Сталинизм остается игрушкой политических страстей – не предметом исторического изучения, какое сейчас намечается на Западе, где говорят о сталинской цивилизации. У нас Сталина оценивают в сталинских терминах как величайшего вождя, либо, наоборот, в духе диссидентства называют преступником, по-троцкистки низводят до аппаратной посредственности, что началось с перестройкой и гласностью, возгласившей, среди прочего, и возрождение Троцкого. Возрождали осторожно, не совсем гласно, ползком, подспудно. Автор антисталинских «Детей Арбата» Анатолий Рыбаков обозвал меня (в печати и по телевидению) мошенником за то, что я указал на идейный источник его романа – Троцкого. Судя по выражению лица, писатель был уверен… в своей правоте? Нет, думаю, в безнаказанности: его роман уже называли бессмертным.

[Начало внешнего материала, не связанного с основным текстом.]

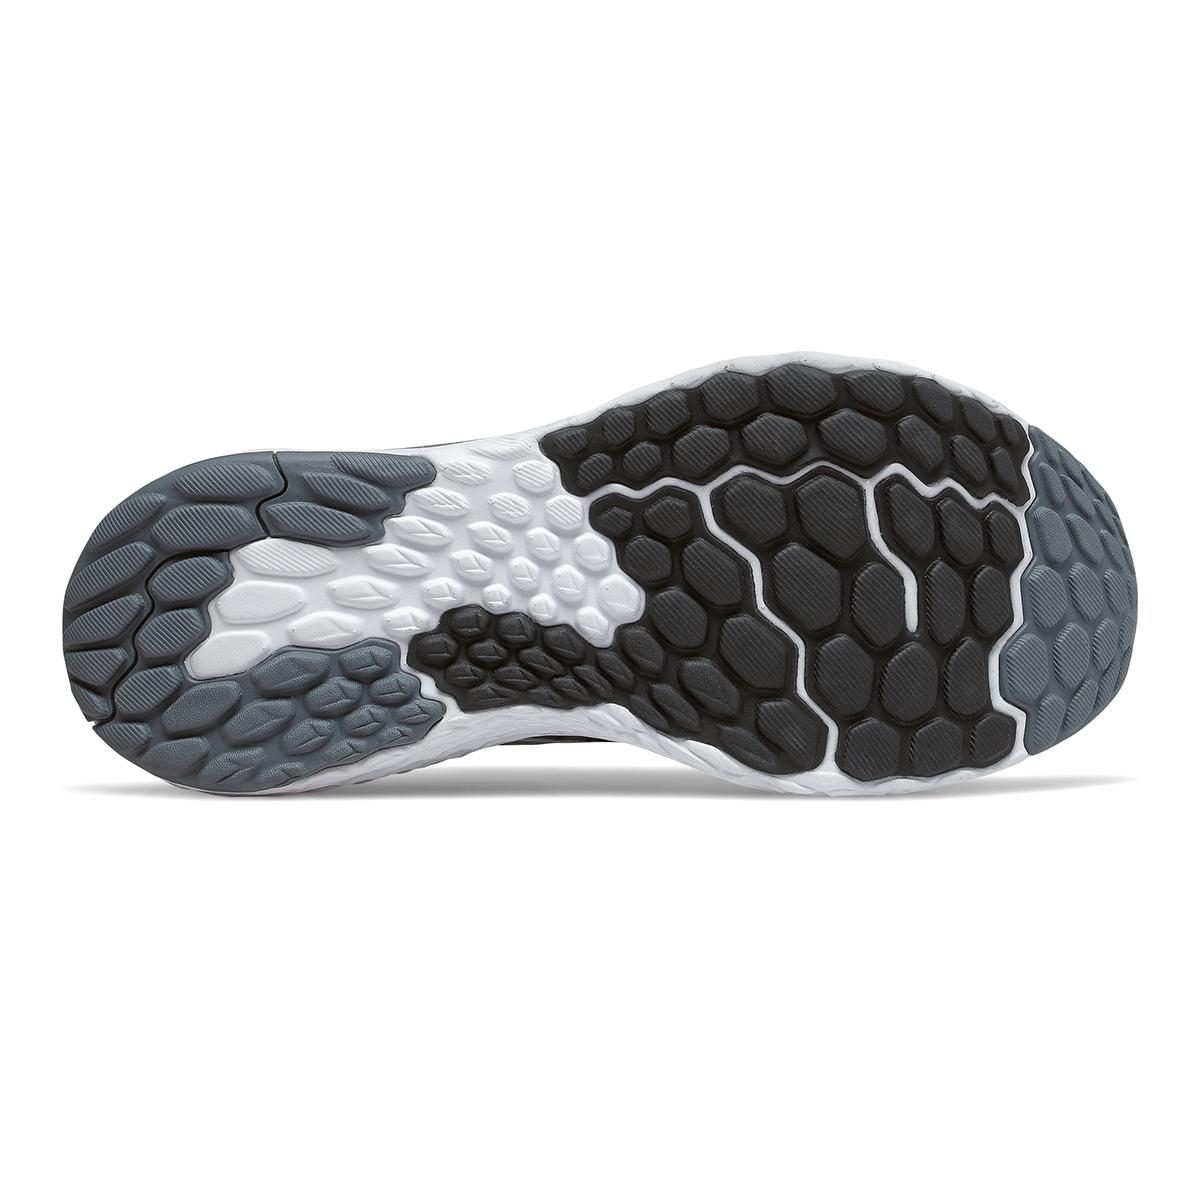 Men's New Balance Fresh Foam 1080v10 Running Shoe - Color: Lead - Size: 7 - Width: Wide, Lead, large, image 4
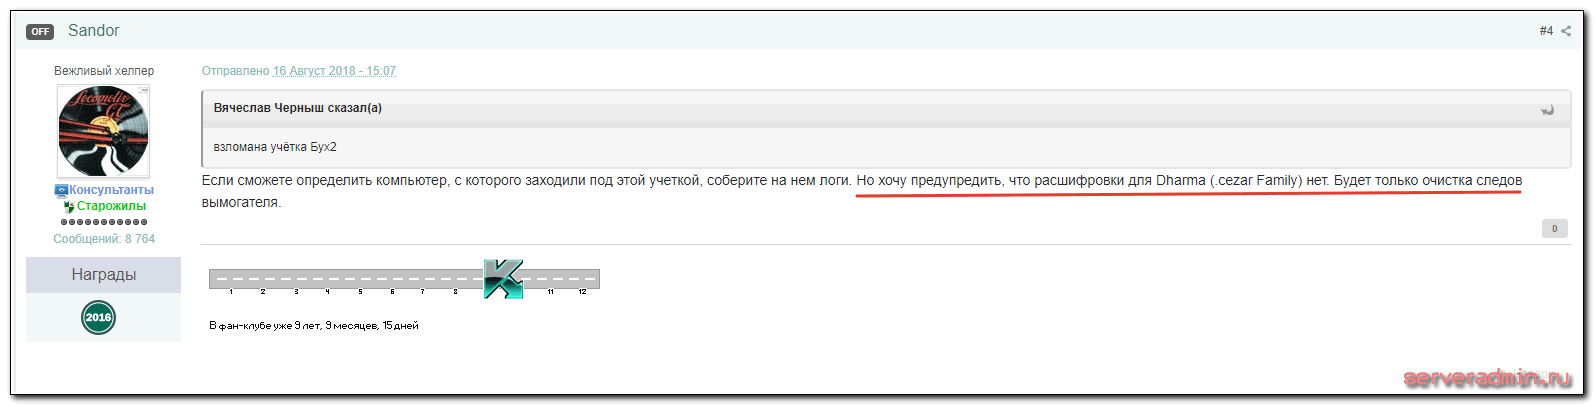 Расшифровка невозможна

Сталин такая же «аппаратная посредственность», каким «капралом-коротышкой» считался Наполеон. Кто даже «из бывших», так сказать, «любили Папулю», и те дрожали перед властью и силой. «Папулей» называл Сталина бывший помещик и коннозаводчик Владимир Дмитриевич Метальников – о нём вспоминает драматург Евгений Шварц, рисуя облик одного «из бывших». С детства зная иностранные языки, Владимир Дмитриевич, сделавший занятия досуга средством существования, стал известен как переводчик обошедшей советские театры пьесы Пристли «Опасный поворот», тема: правда глаза колет, вся правда неприемлема всем. Для домашнего употребления переводил Владимир Дмитриевич и с французского. «Перевёл из любви к Папуле», – так он выразился, давая мне отпечатанную на машинке язвительную главу мемуаров генерала де Голля о встрече со Сталиным: первая читанная мной декларация антисталинизма. Но антисталинский текст переводчик распространял не раньше, чем Папули не стало[30].
«Сам не знаю, можно ли верить тому,
что сохранила память».
С. Т. Аксаков. «Детские годы Багрова внука».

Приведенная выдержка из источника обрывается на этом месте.